Skip to content

loaders

HFLoader

Bases: GlobalStep

Class to load a dataset using the Hugging Face datasets library. Can use either a HuggingFace tag or a local file.

Caching is disabled as this step does not manipulate the dataset hence no need for caching.

Source code in ragfoundry/processing/dataset_loaders/loaders.py
class HFLoader(GlobalStep):
    """
    Class to load a dataset using the Hugging Face datasets library.
    Can use either a HuggingFace tag or a local file.

    Caching is disabled as this step does not manipulate the dataset hence no need for caching.
    """

    def __init__(self, dataset_config: dict, **kwargs):
        super().__init__(**kwargs)
        self.dataset_config = dataset_config
        self.cache_step = False

    def process(self, dataset_name, datasets, **kwargs):
        datasets[dataset_name] = load_dataset(**self.dataset_config)

LocalLoader

Bases: GlobalStep

Class to load a local dataset, in a JSON format.
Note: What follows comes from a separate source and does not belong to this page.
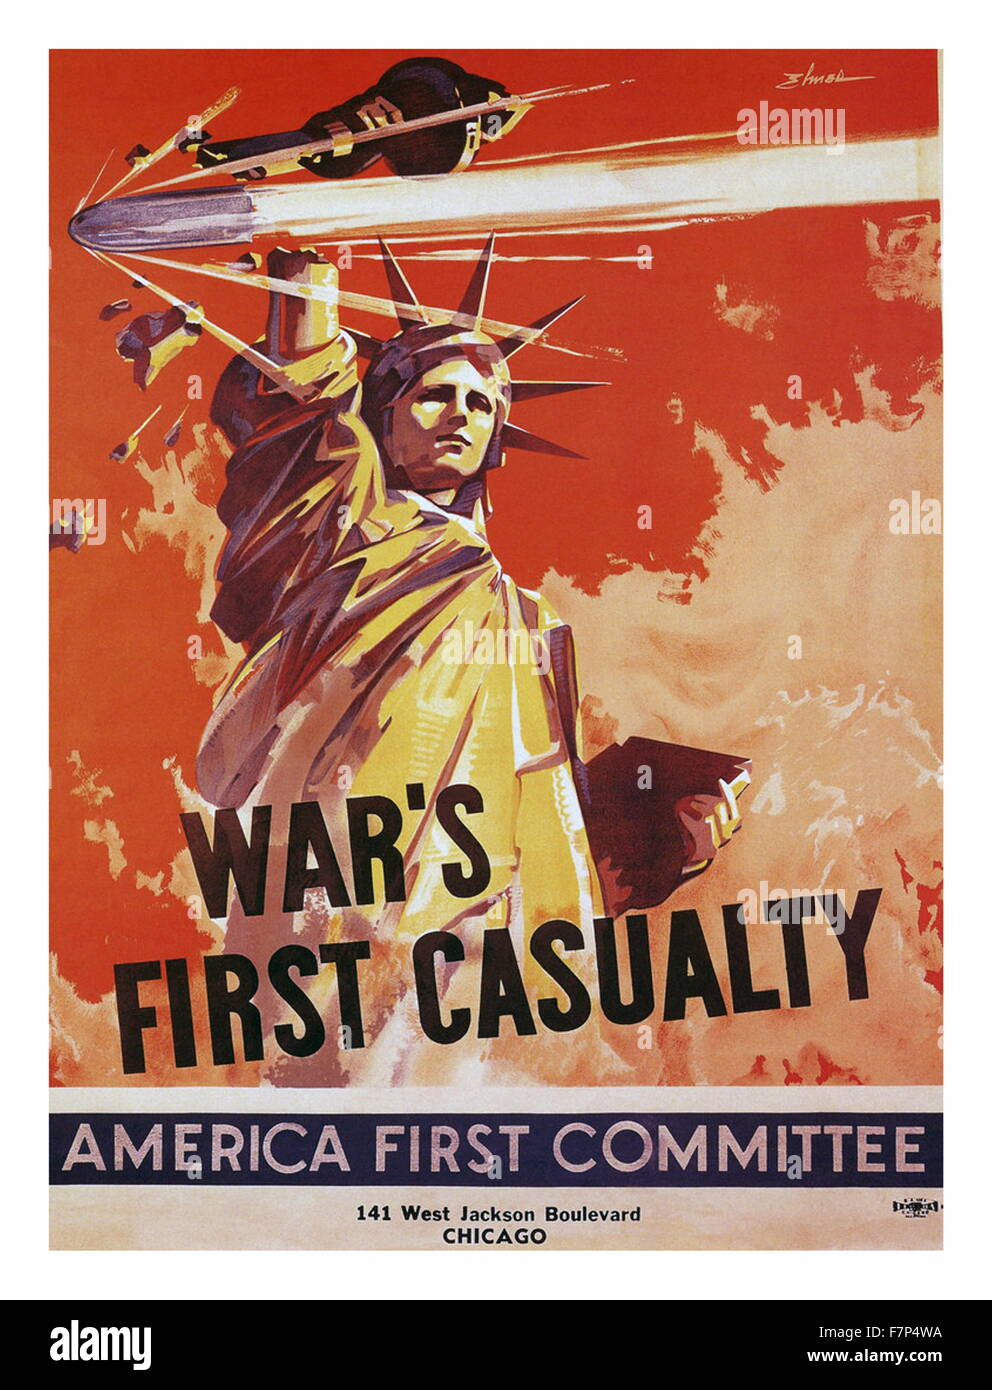 Propaganda Poster: Manifest Destiny

Caching is disabled as this step does not manipulate the dataset hence no need for caching.

Source code in ragfoundry/processing/dataset_loaders/loaders.py
class LocalLoader(GlobalStep):
    """
    Class to load a local dataset, in a JSON format.

    Caching is disabled as this step does not manipulate the dataset hence no need for caching.
    """

    def __init__(self, filename, **kwargs):
        super().__init__(**kwargs)
        self.filename = filename
        self.cache_step = False

    def process(self, dataset_name, datasets, **kwargs):
        datasets[dataset_name] = load_dataset(
            "json",
            data_files=self.filename,
            split="train",
        )